* **Problem description**
Leave out the pictures and reproduce all of the data exactly.

* **Data extract**
------------------------------------------------------------------------
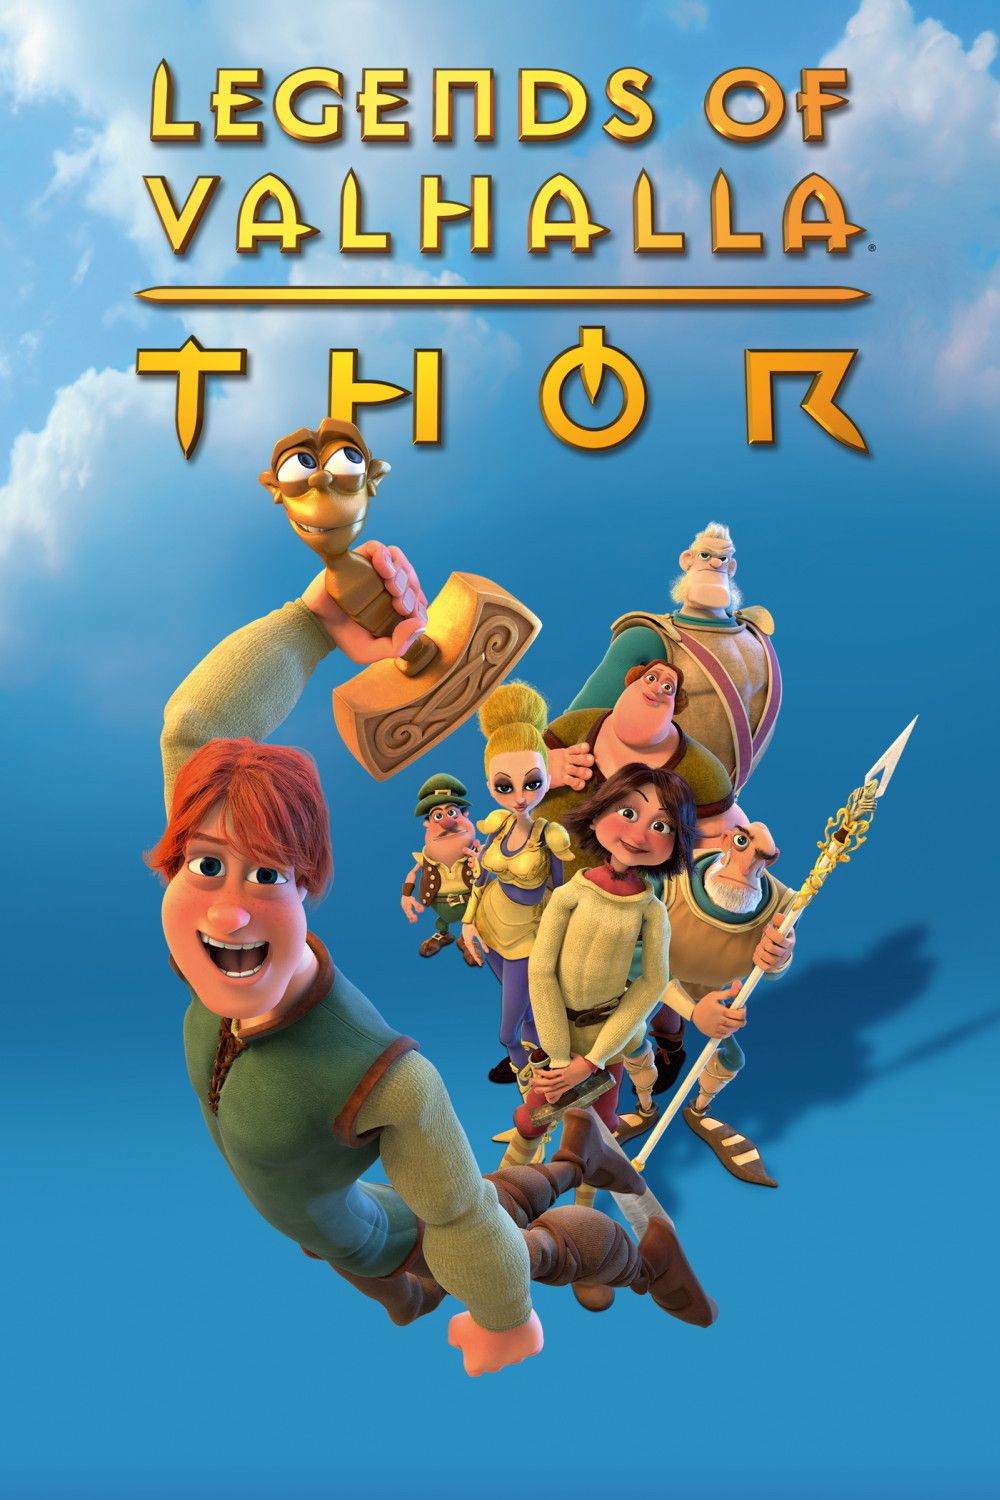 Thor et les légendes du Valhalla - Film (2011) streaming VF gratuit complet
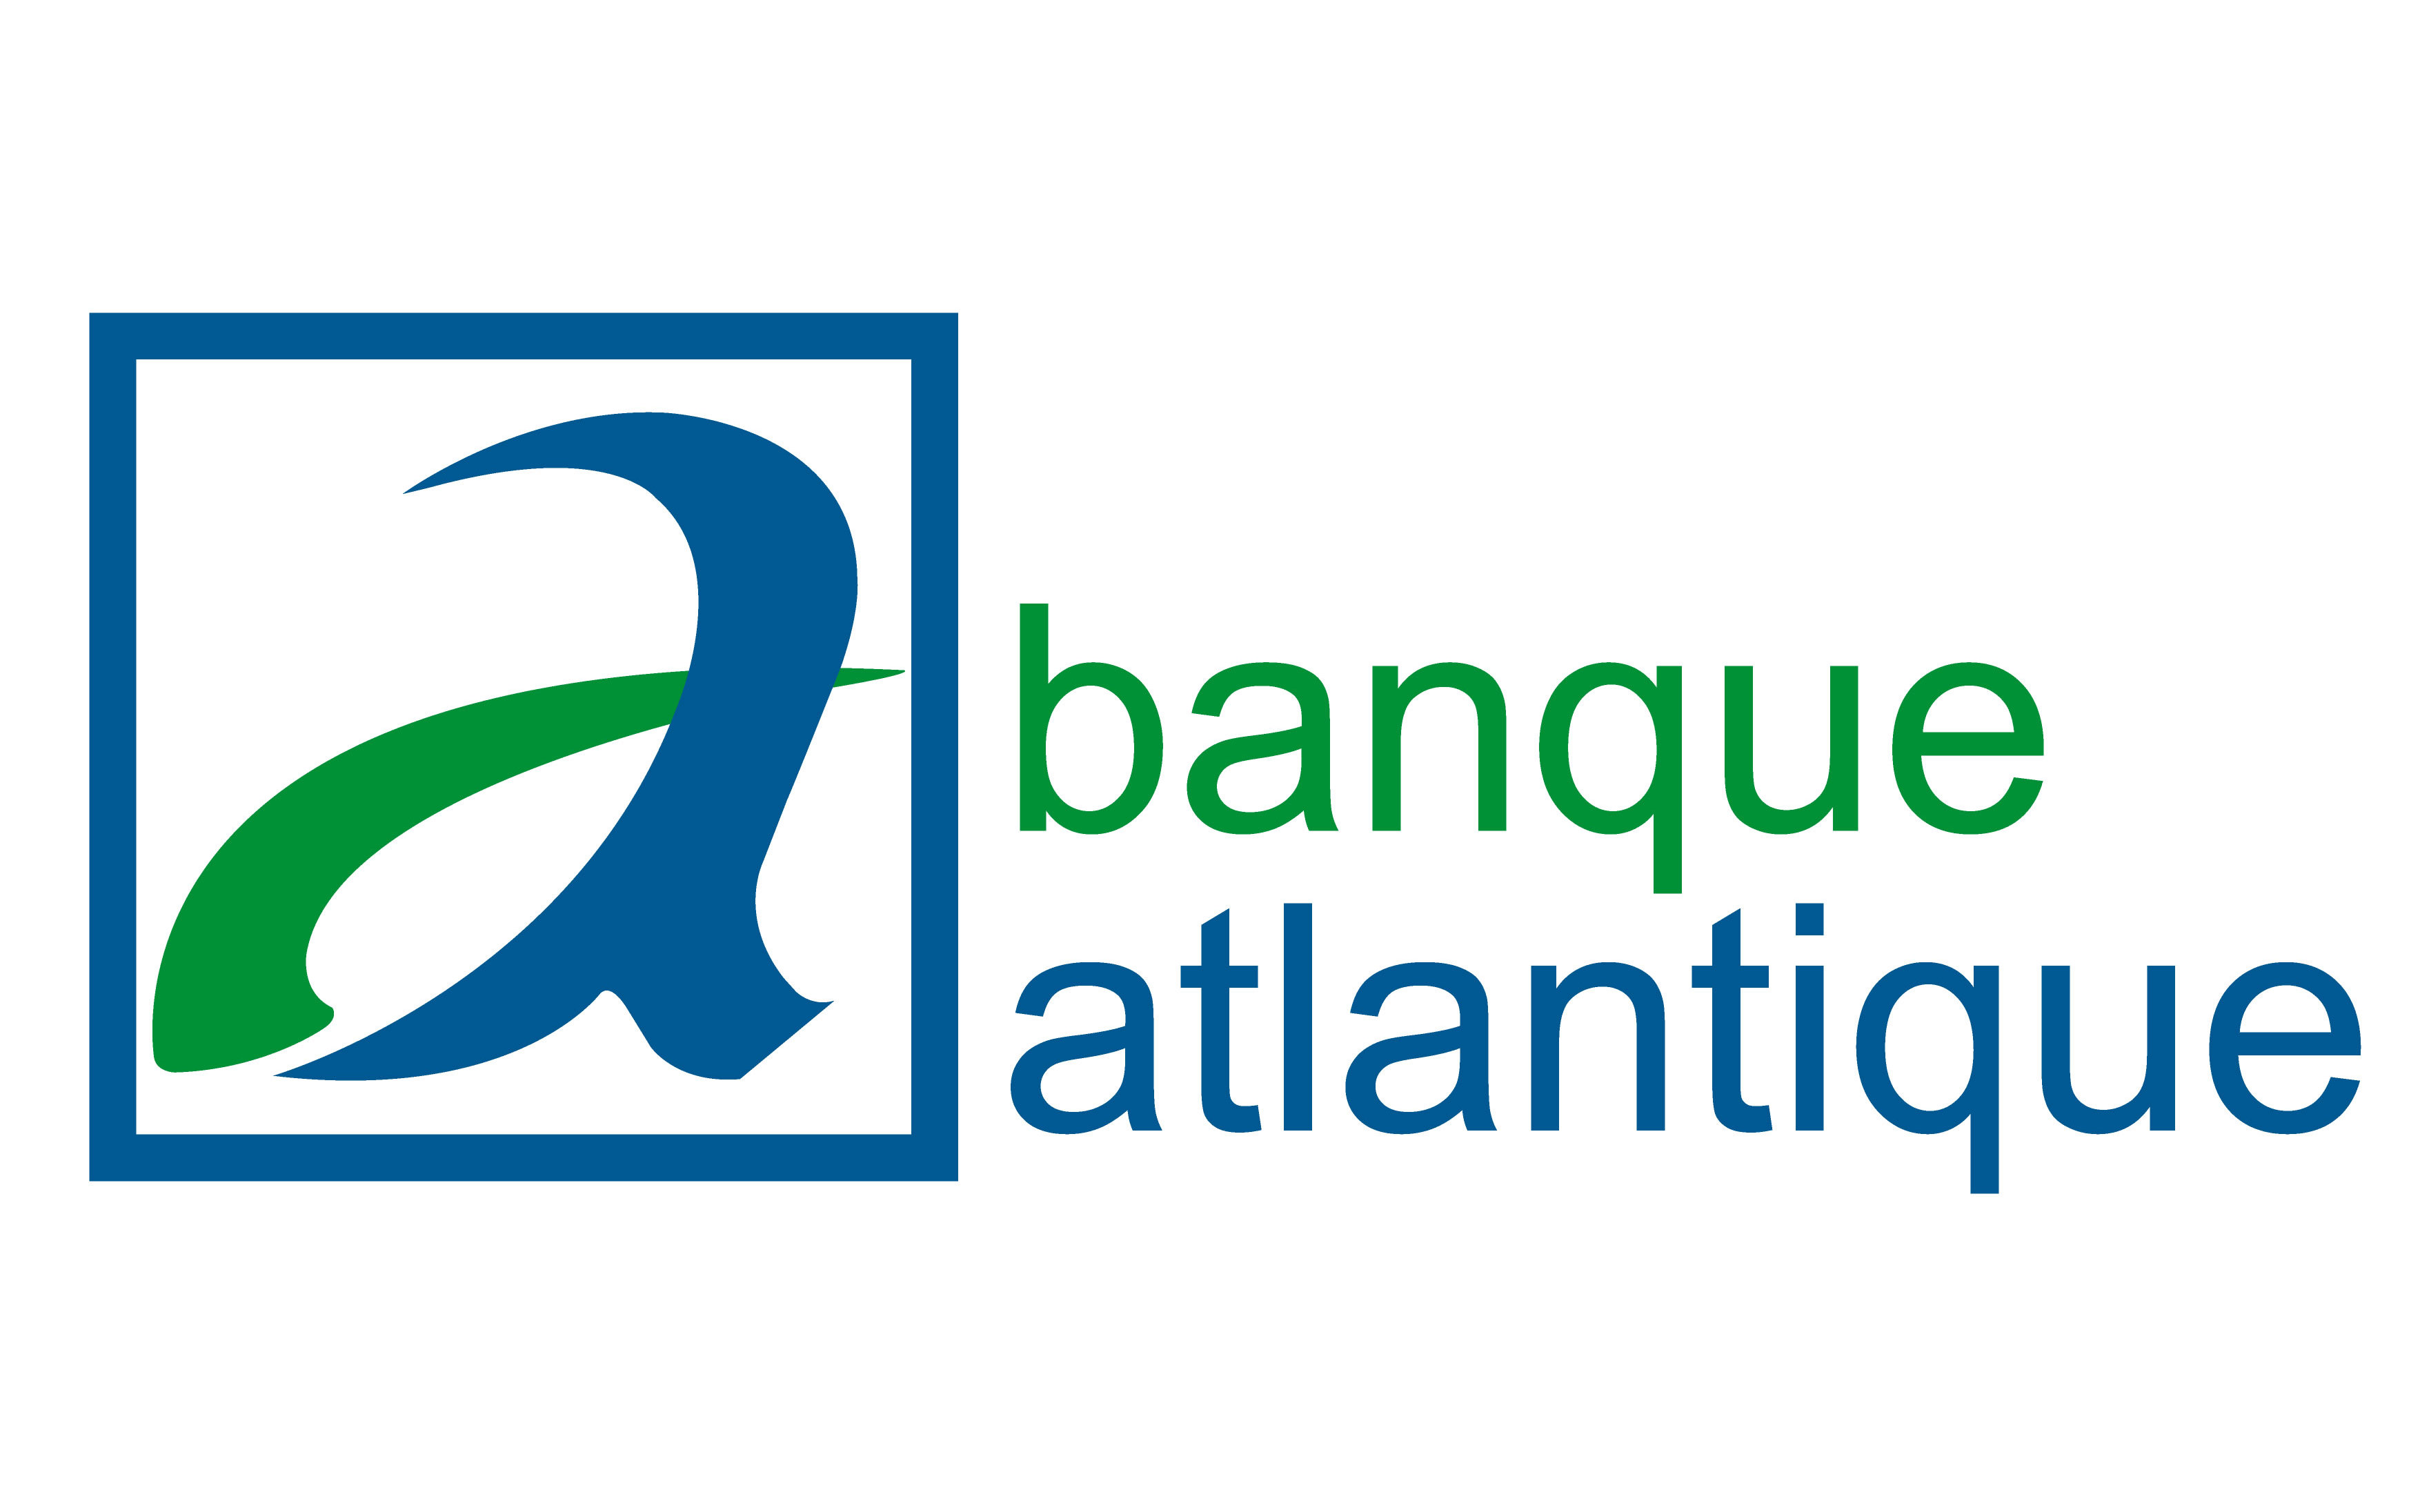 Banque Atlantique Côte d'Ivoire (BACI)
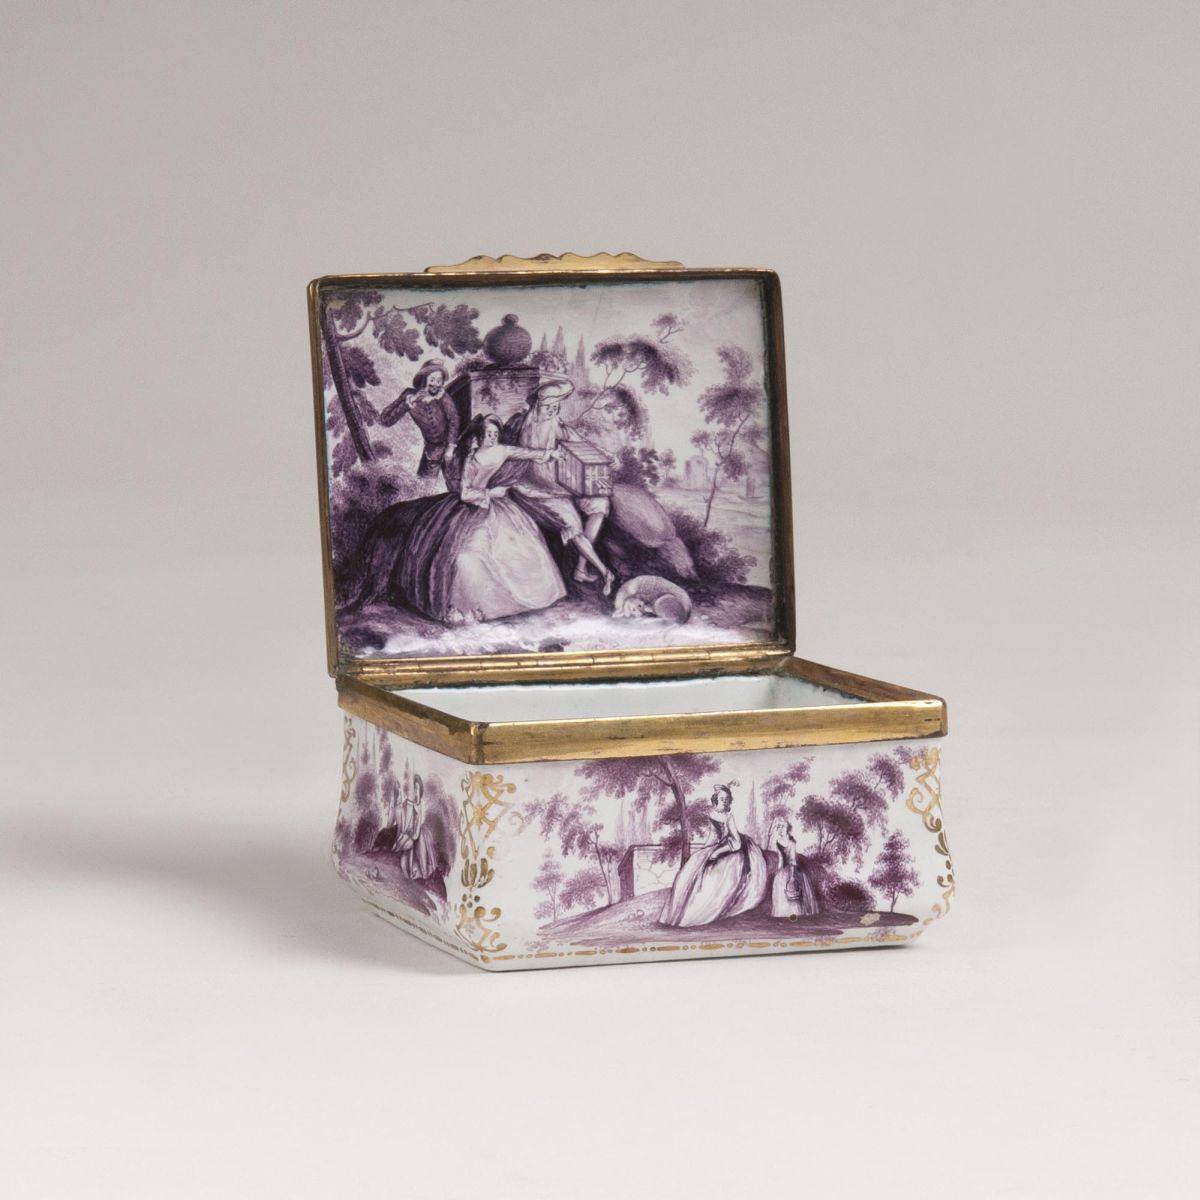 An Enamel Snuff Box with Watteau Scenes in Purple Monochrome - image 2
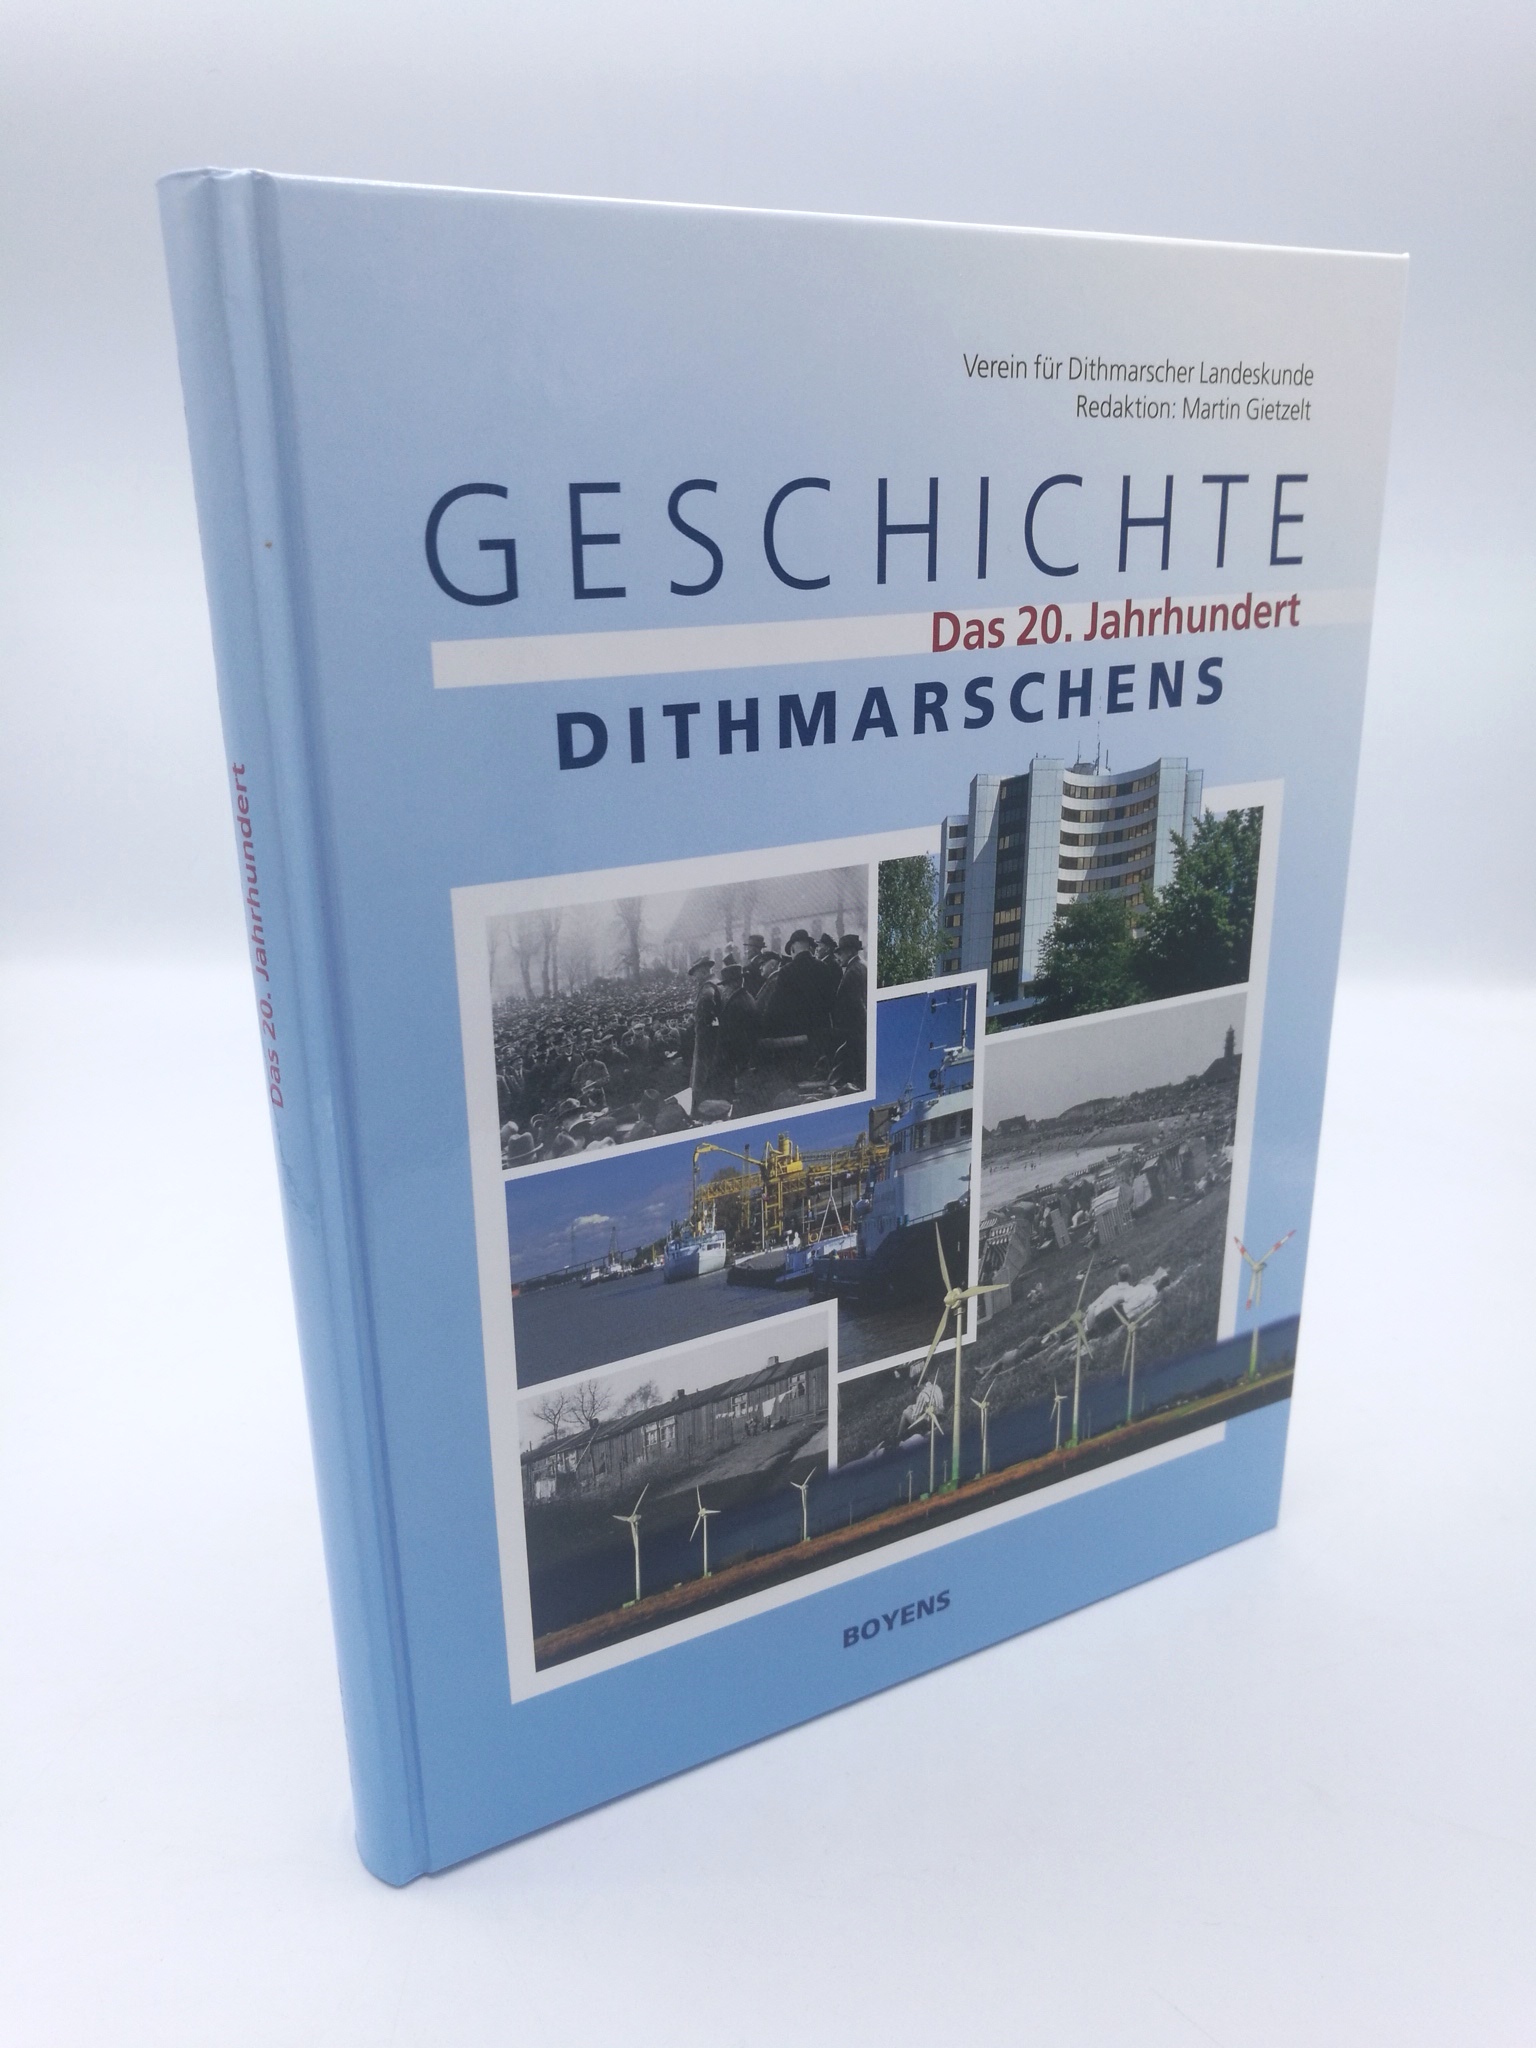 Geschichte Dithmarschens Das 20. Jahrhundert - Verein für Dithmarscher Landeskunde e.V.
------------------------------------------------------------------------
* **The completed task**
 Thor et les légendes du Valhalla - Film (2011) streaming VF gratuit complet
 Banque Atlantique Côte d'Ivoire (BACI)
 An Enamel Snuff Box with Watteau Scenes in Purple Monochrome - image 2
 Geschichte Dithmarschens Das 20. Jahrhundert - Verein für Dithmarscher Landeskunde e.V.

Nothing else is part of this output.